In June 2025, credit outstanding to industry fell to 5.5% compared to 8.1% (7.7% excluding merger) in the yearago period, driven by a pronounced slowdown in the capex spending and infrastructure segments. Among major sectors, outstanding credit to mining and quarrying, food processing, beverages and tobacco, petroleum, coal products, nuclear fuels, chemicals and chemical products, glass and glassware, cement and cement products, basic metal and metal products decelerated, which was only partially offset by the textiles, wood and paper products, rubber and plastic products, engineering, electronics, construction and gems and jewellery, which recorded yearover-year growth.

Figure 5: Sluggish Large Industry Offset by MSME Growth (y-o-y, %)

Figure 6: Infrastructure Sees Contraction (y-o-y, %)

* The MSME segment has generally continued to outpace the large segment, leading to a shift in the credit composition. The share of large industry in overall industrial credit declined from 71.9% in June 2024 to 68.7% in June 2025, reflecting a relative increase in the MSME share contributing to growth in the MSME sector. This shift is driven by policy support measures such as ECLGS and CGTMSE, rising formalisation of small businesses, and comparatively subdued credit demand from large corporates.
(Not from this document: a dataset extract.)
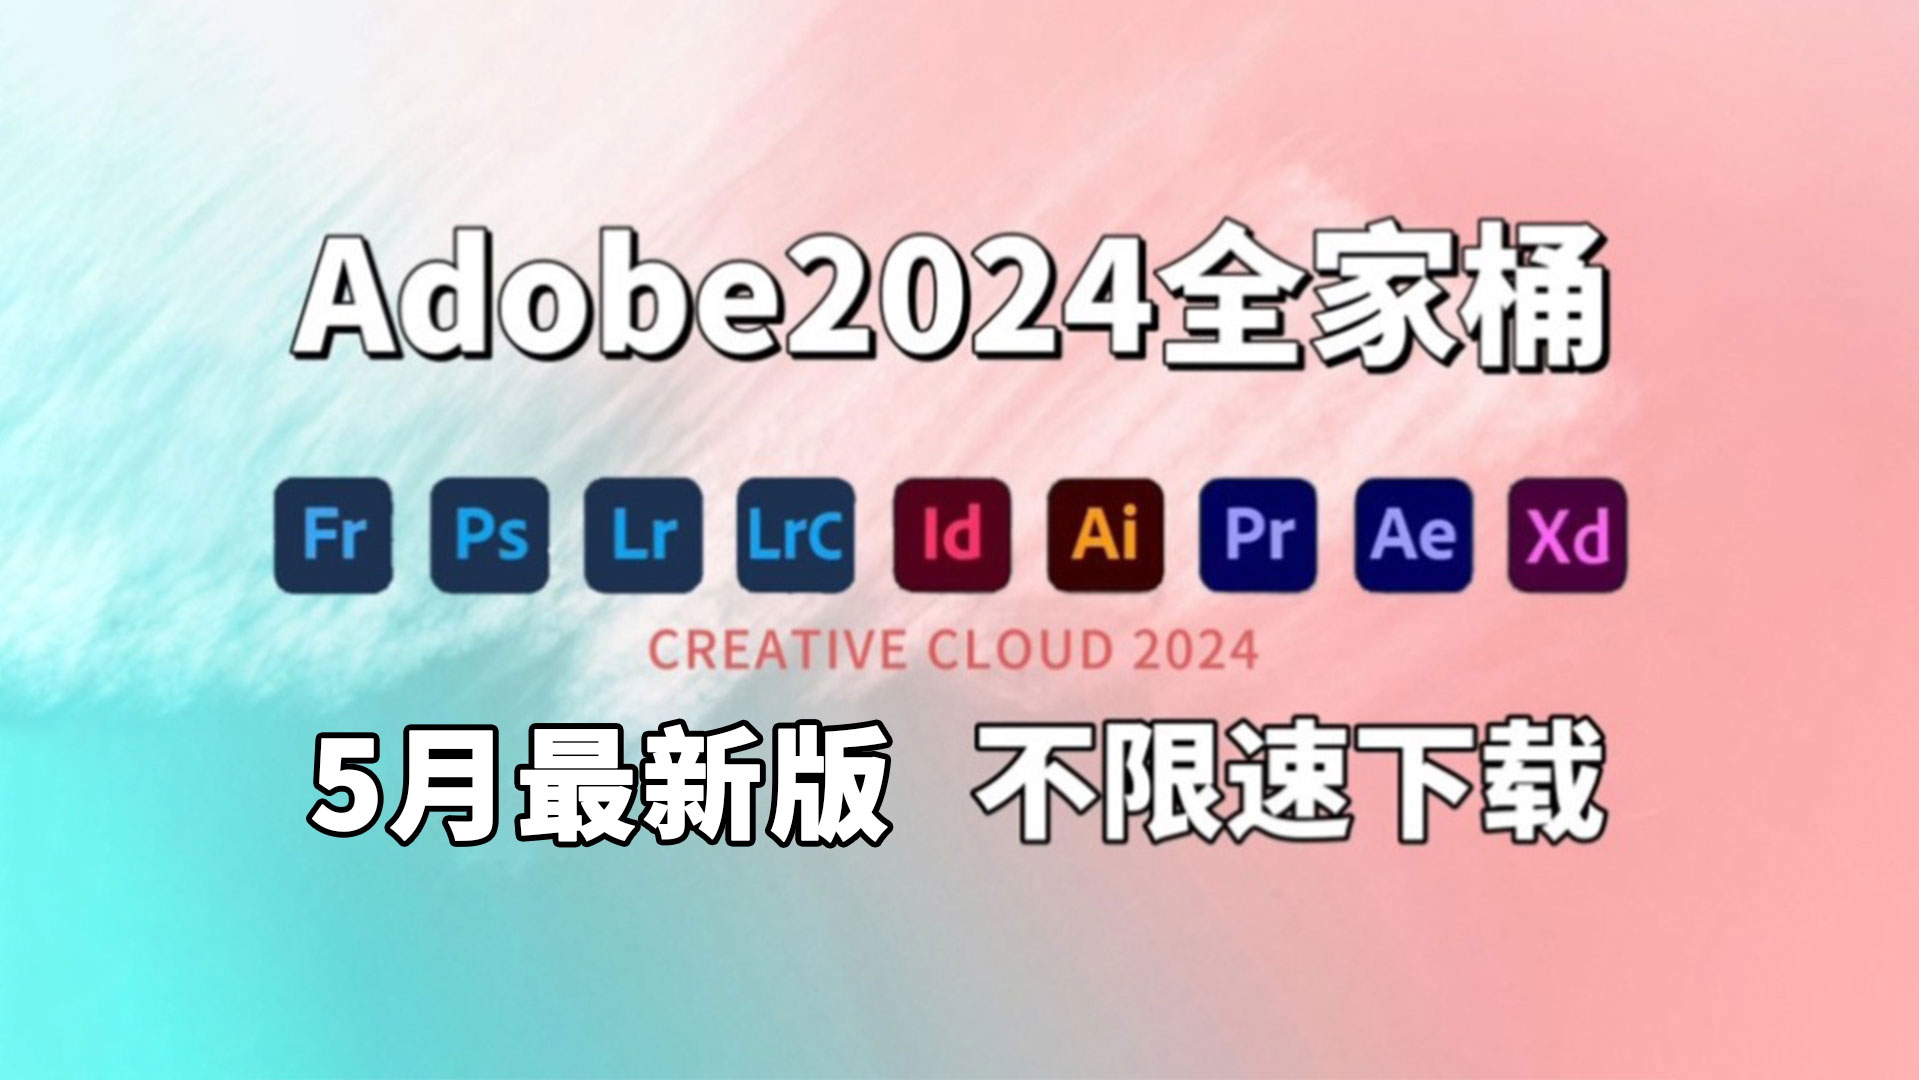 【Adobe全家桶2024】5月最新版本免费下载（附安装包）PR AE AI PS 等！一键安装、不限速下载！支持win+mac！最强白嫖系列！永久使用！

* The infrastructure sector, accounting for 33.5% of overall industry credit, saw a y-o-y contraction of 0.5% in June 2025, a reversal from 5.5% growth a year earlier. Within this, the power sector, comprising 52.8% of infrastructure credit, grew modestly at 7.6%, down from 3.3% in June 2024. In contrast, credit to the roads segment declined by 5.7% y-o-y, following an 8.8% growth seen in the previous year, with similar weakness observed in the ports, railways, telecommunications and other infrastructure sectors. The contraction reflects a combination of high base effects and shifting to alternative funding.

Services Sector

Figure 7: The Share of NBFCs Slightly Edges Up in June 2025

Growth in the services sector moderated to 9.0% in June 2025, nearly half of the 17.4% (15.1% excluding merger) rate reported a year ago, primarily due to a decline in lending to NBFCs, commercial real estate and other services, and was only mitigated in part by growth in the computer software and shipping, aviation.

Figure 8: NBFCs Credit Growth Witnessed a m-o-m Uptick in June 2025 (y-o-y, %)

* Bank lending to NBFCs saw a month-on-month(m-o-m) uptick in June 2025, but the y-o-y growth moderated. Outstanding credit to NBFCs stood at Rs 15.9 lakh crore, reflecting a modest 2.6% increase compared to 8.5% growth in June 2024. For over a year, credit flow to NBFCs has consistently lagged overall bank credit growth, constrained by regulatory tightening, an unfavourable base effect, and a shift towards foreign and capital market funding. NBFCs’ share in total bank credit declined from 9.2% in June 2024 to 8.6% in June 2025. While the partial rollback of risk weights signals RBI’s confidence, sustained growth remains unlikely, as banks remain cautious toward smaller NBFCs and those exposed to MFIs, consumer credit, and unsecured personal loans. Meanwhile, larger NBFCs are increasingly turning to capital markets for cheaper funding and greater diversification, further limiting their reliance on bank credit.

* Outstanding credit to the commercial real estate segment stands at Rs 5.5 lakh crore, with growth moderating to 14.9% in June 2025, down significantly from 40.7.% in the same period last year (22.8% excluding merger), reflecting a continued slowdown in the segment.